I don’t intend to do National Novel Writing Month this year, but the idea of ‘brain-splats’ as writers like myself call them – both the verb to throw ideas down out of nowhere and also mistakes that happen when we write to fast; words that come when we’re not looking – has always interested me with its peculiarity. I’m not saying I have conjured a suitable Psychological reason behind the mistakes writers do, for I reckon it’s due to lack of concentration. This is most common in NaNo, of course, since we writers want to continue onwards, rather than standing back from the screen/notebook at the end of the page/paragraph to observe and double-check what we have written at speed.
However, there’s a particular reason for the title of this post. Recently, I have been writing a sci-fi short story straight onto its Word Document – something which I very rarely do (simply because I do not have as much access to a computer as I would like), choosing instead to write long-hand first and then type up and modify in a twisted version of a second draft.
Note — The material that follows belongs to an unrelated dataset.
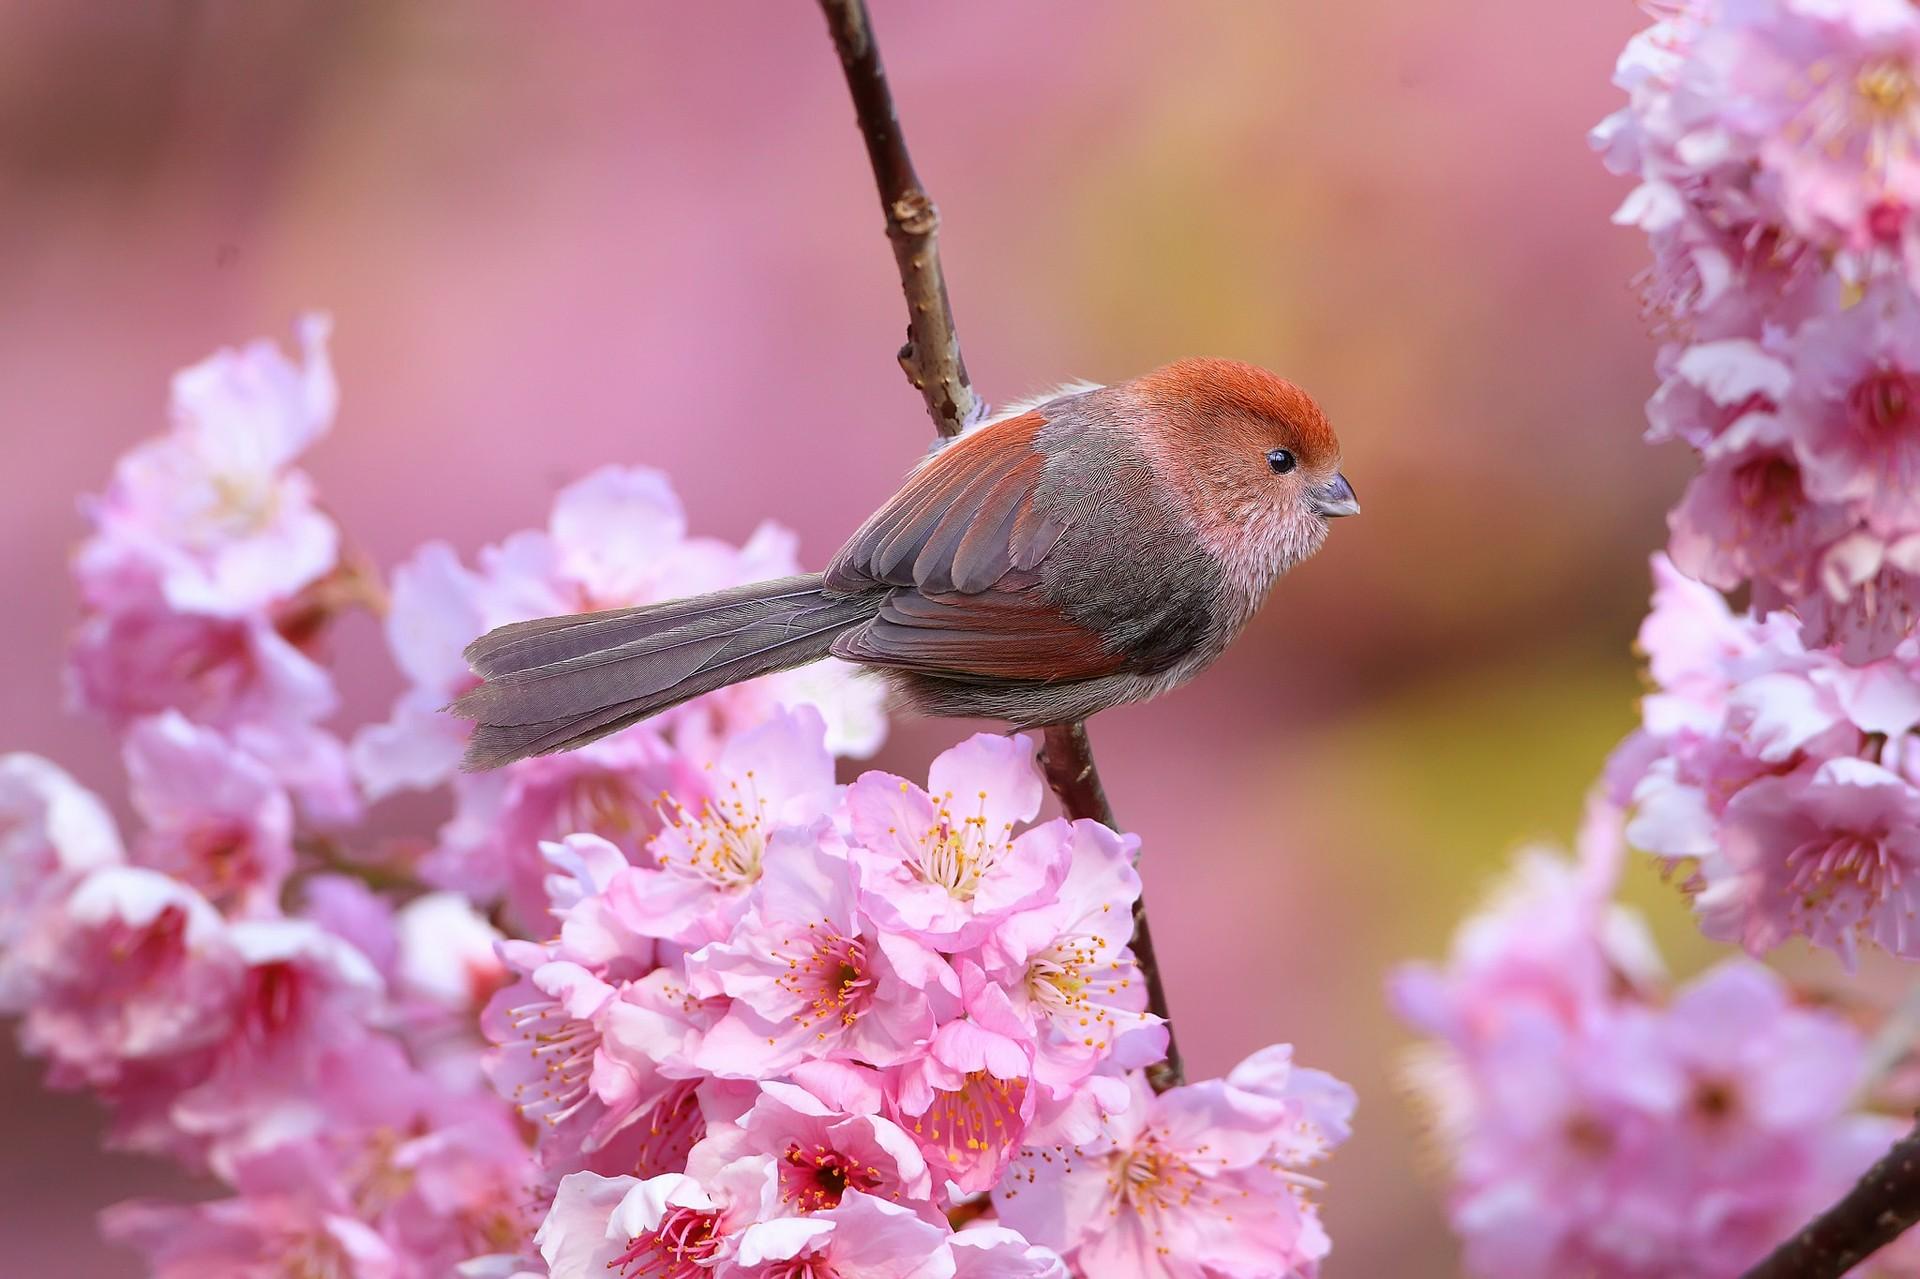 Wallpaper Birds Animals Pink Flowers Nature Branch Cherry

Now, whilst writing with direction but without prior prose, I often jump ahead of myself, when I have ideas for dialogue paragraphs or pages ahead in the story. I can’t help it; the ideas just arrive!
It was in one of these tangents where the brain-splat of mine happened, where I was distracted by all my ideas in a supernova collision. I had moved a day’s plot on from the continuous chapter I had been writing, and I had two blocks of dialogue from that day on the go. It was a bad idea right from the start.
I had decided, having worked on the first paragraph for a bit and left it at one line of character A and one of B, A to speak, to move onto the second paragraph, dialogue of a similar nature to the first. Once that was done, I went back to the first block, ready to continue with character A’s line – when I noticed that she already had something to say. I stared at the line I had written: “Everything!” Words that did not fit in my mind-plan. It’s not the sort of reply one would normally say to “Do you want to go home?”, indeed!
So, where had that come from? I can only suppose that I was writing two pieces at once in my head and , due to distraction and fatigue, the words melded.
Going back to the beginning of my post, I think there are many reasons why NaNo-ers pour their brains in a mess onto the page, the most prominent of which is that they have no idea where they’re going with the plot. On the other hand, I’m most certainly a combination of a pantser and plotter (don’t know what those terms are? Try this link and this one for info)! Both contrasting views can lead to brain-splat and, as shown, writer’s block, through spilling the contents in a nonsense way to smashing ideas together as I have done today. It does happen, when plot gets in the way of writing freely, just as vice versa occurs.
Do you find that dialogue further along the tale springs into place when you are writing?
Have you ever had the experience of utterly random distraction that has led to some utterly random stuff?